*Recorded information*:
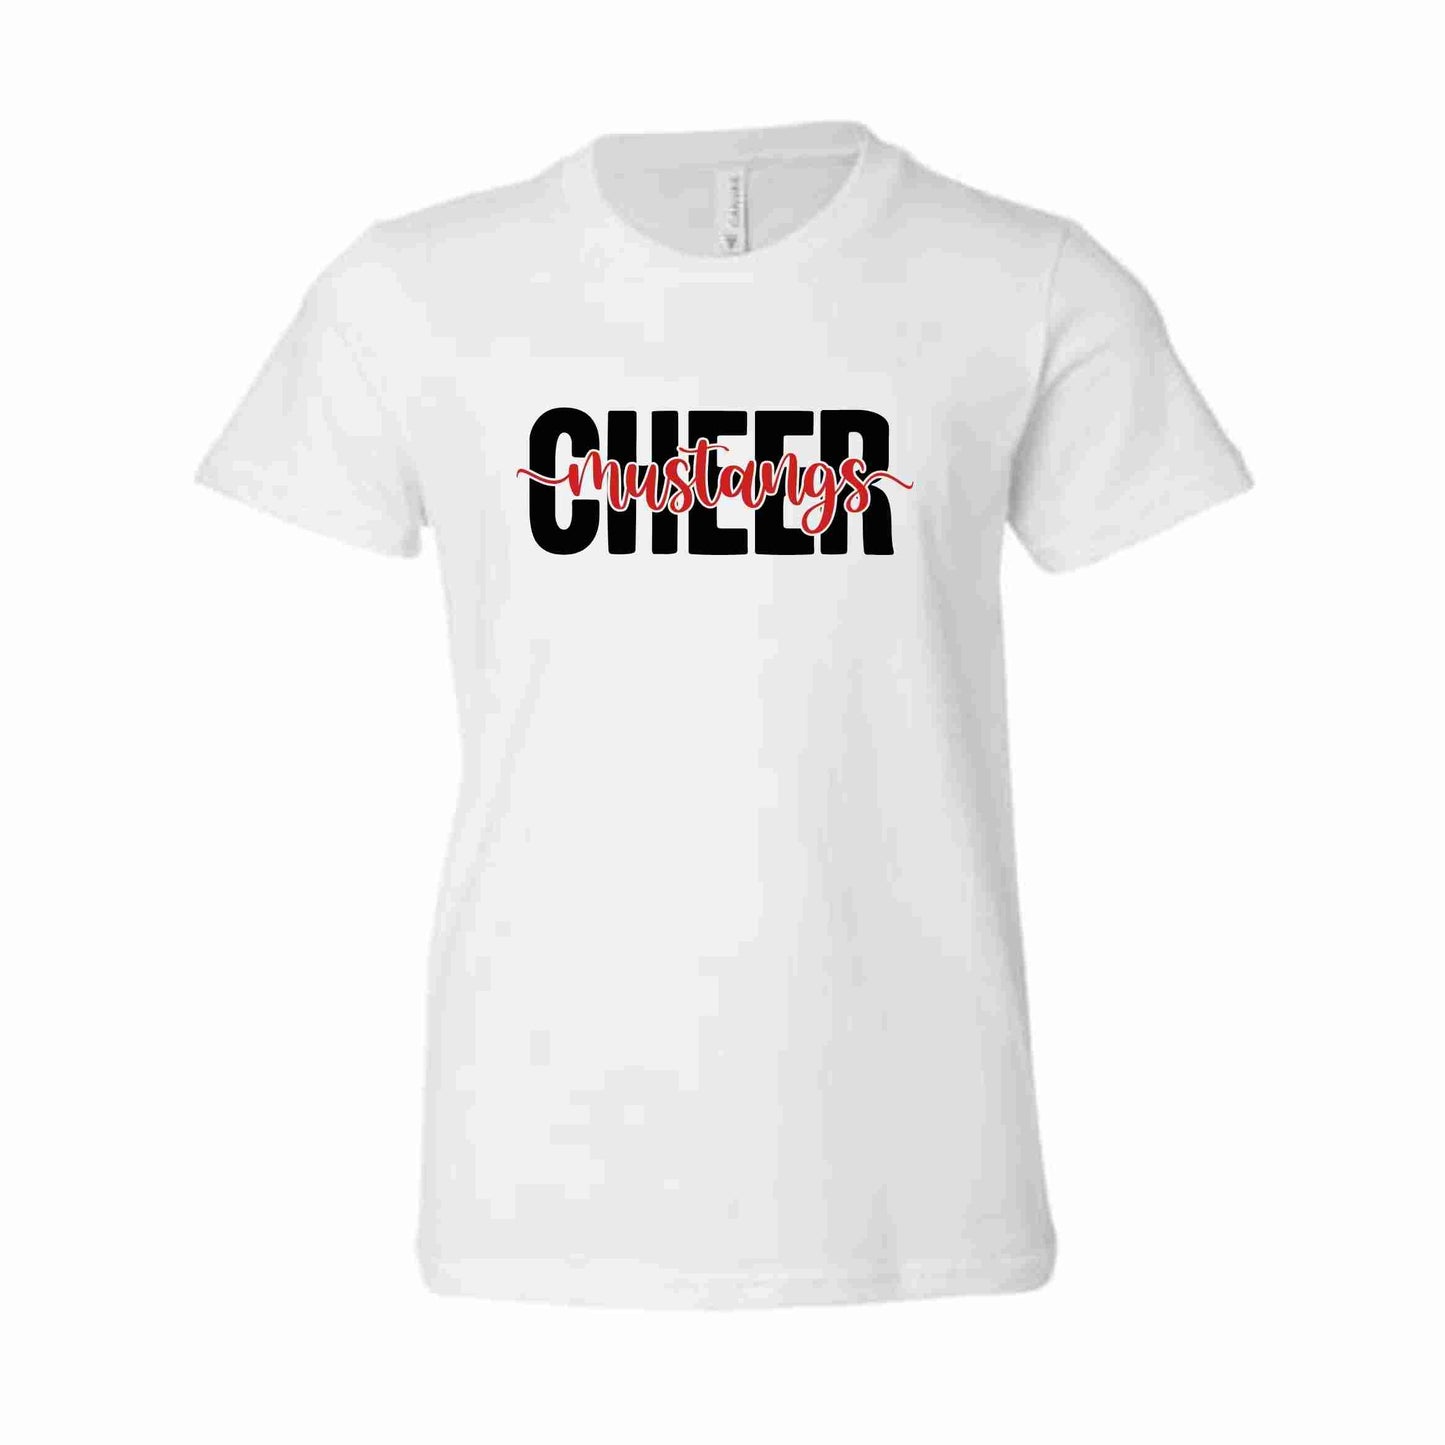 Cheer Design 1
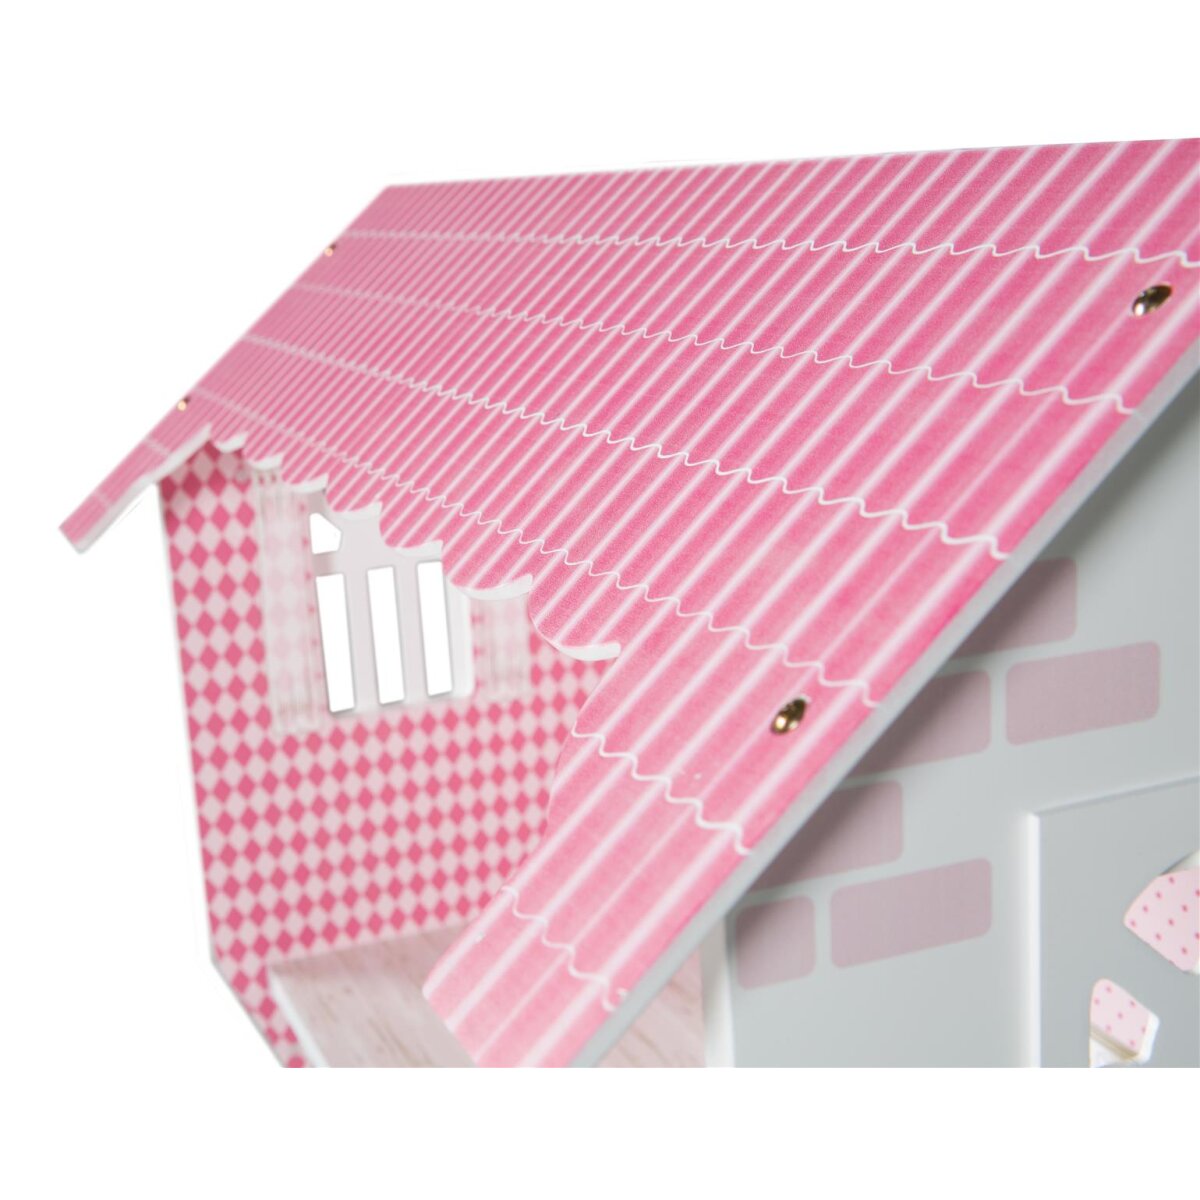 roba Puppenhaus & Spielregal inkl. Aufbewahrungsbox für Spielzeug,  rosa/weiß - B-Ware sehr gut, 64,99 €
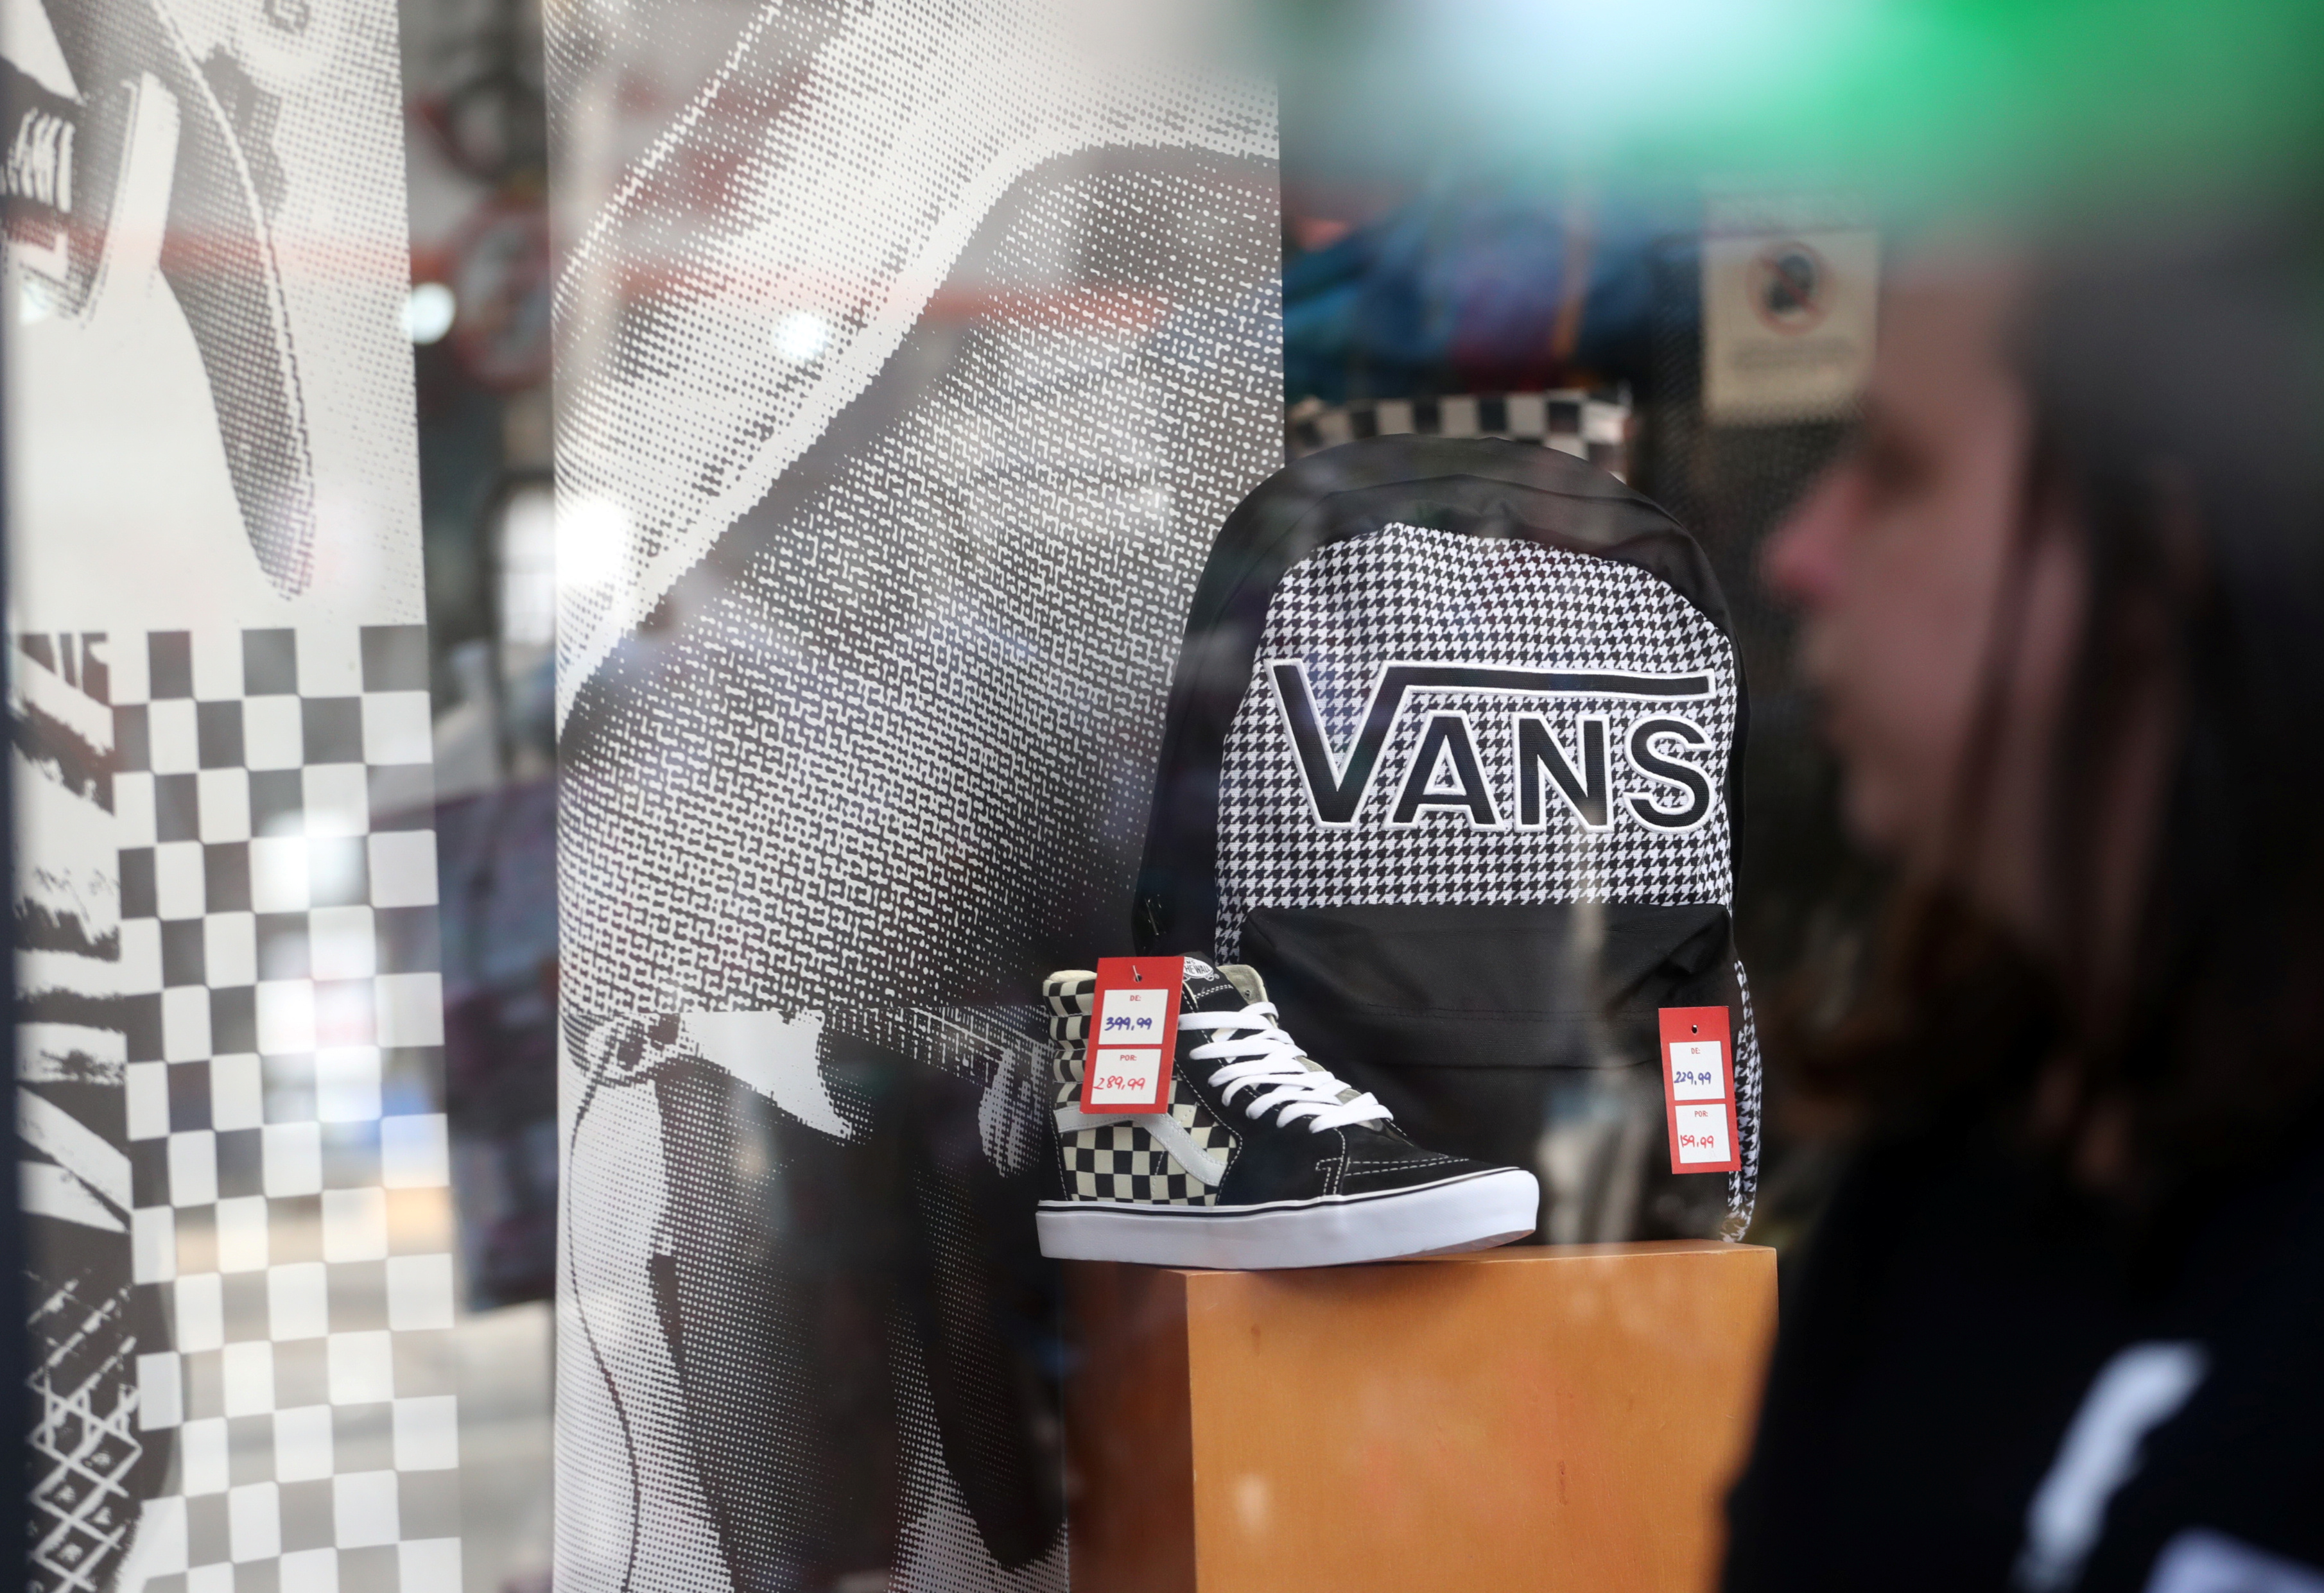 Vans sneaker maker VF sales stumble on 
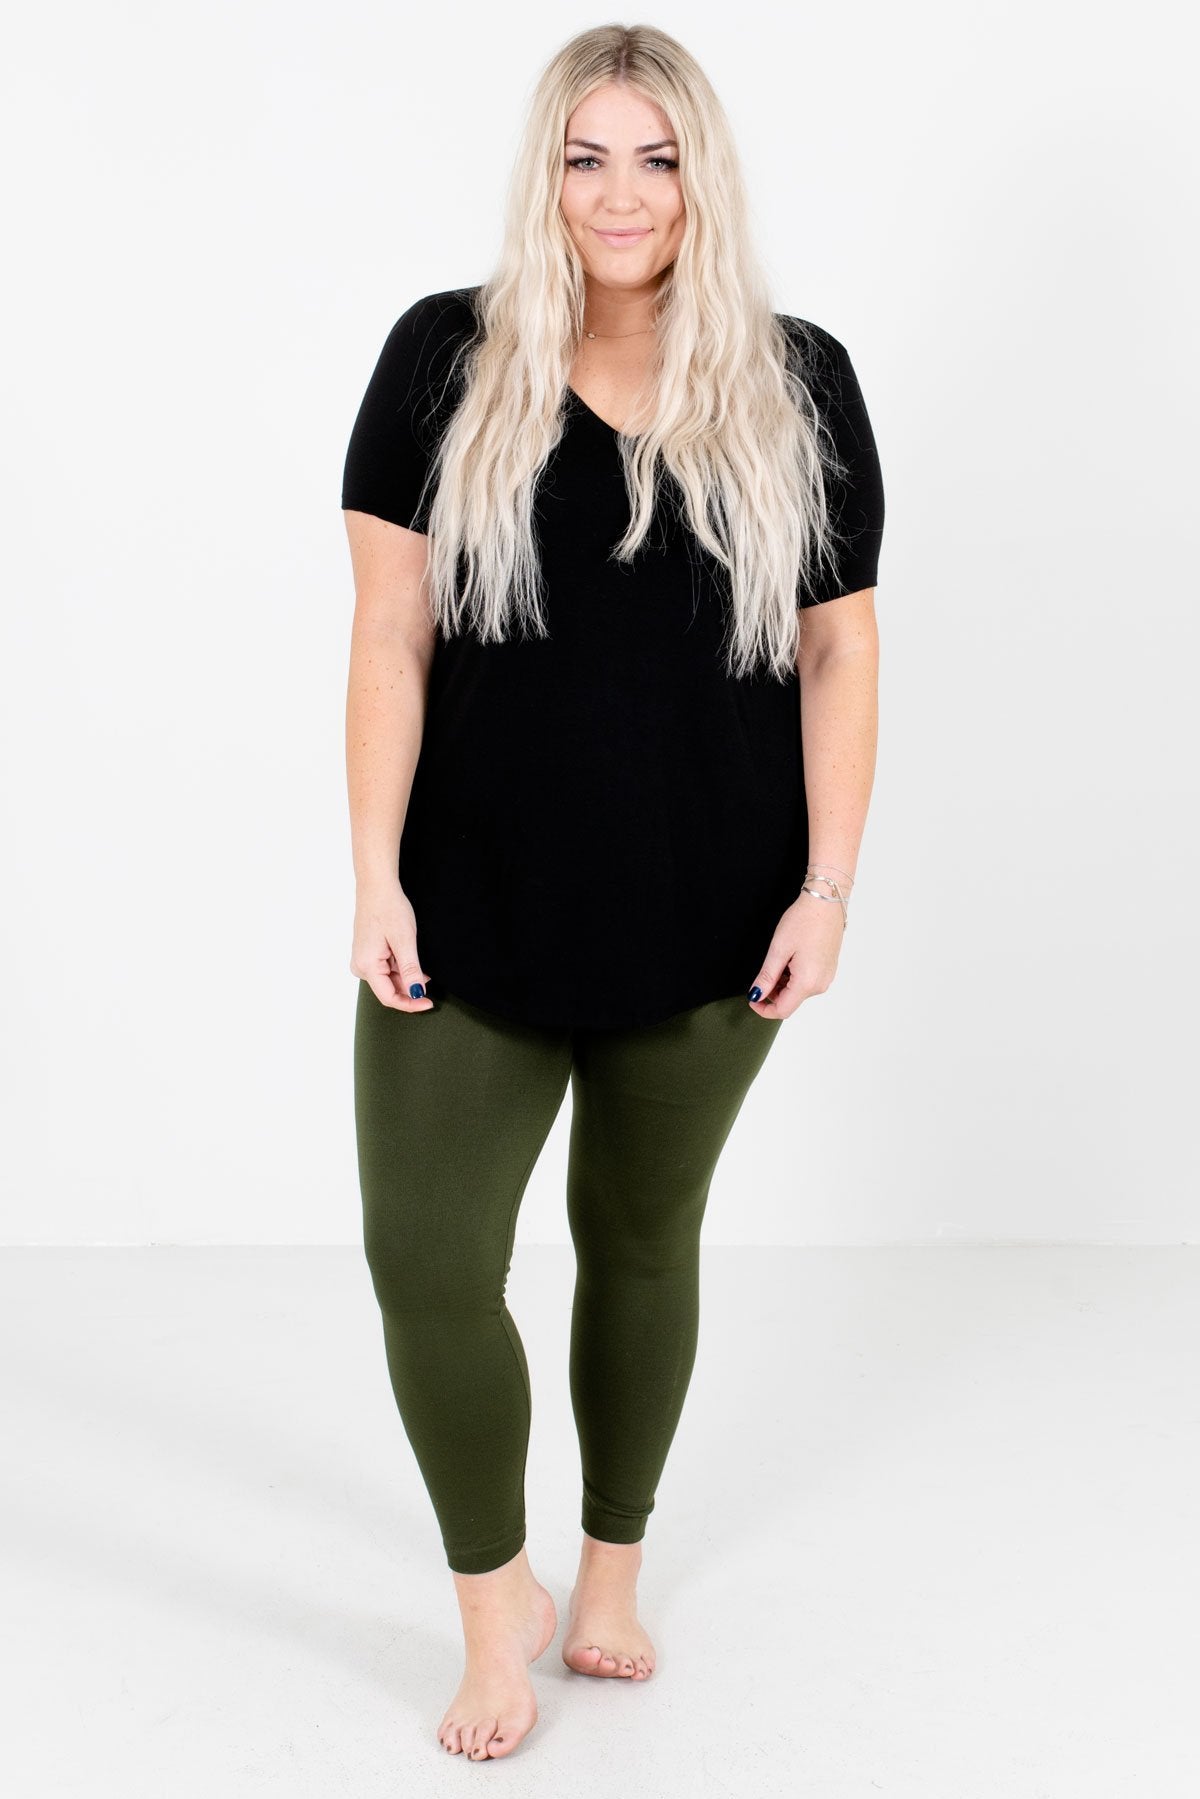 Green leggings sofra sz free size | eBay

*Task details*: Where a picture appears in the data, omit it; restate the rest word for word.

*Solution below*:
 Cheer Design 1
 roba Puppenhaus & Spielregal inkl. Aufbewahrungsbox für Spielzeug,  rosa/weiß - B-Ware sehr gut, 64,99 €
 Vans sneaker maker VF sales stumble on 
 Green leggings sofra sz free size | eBay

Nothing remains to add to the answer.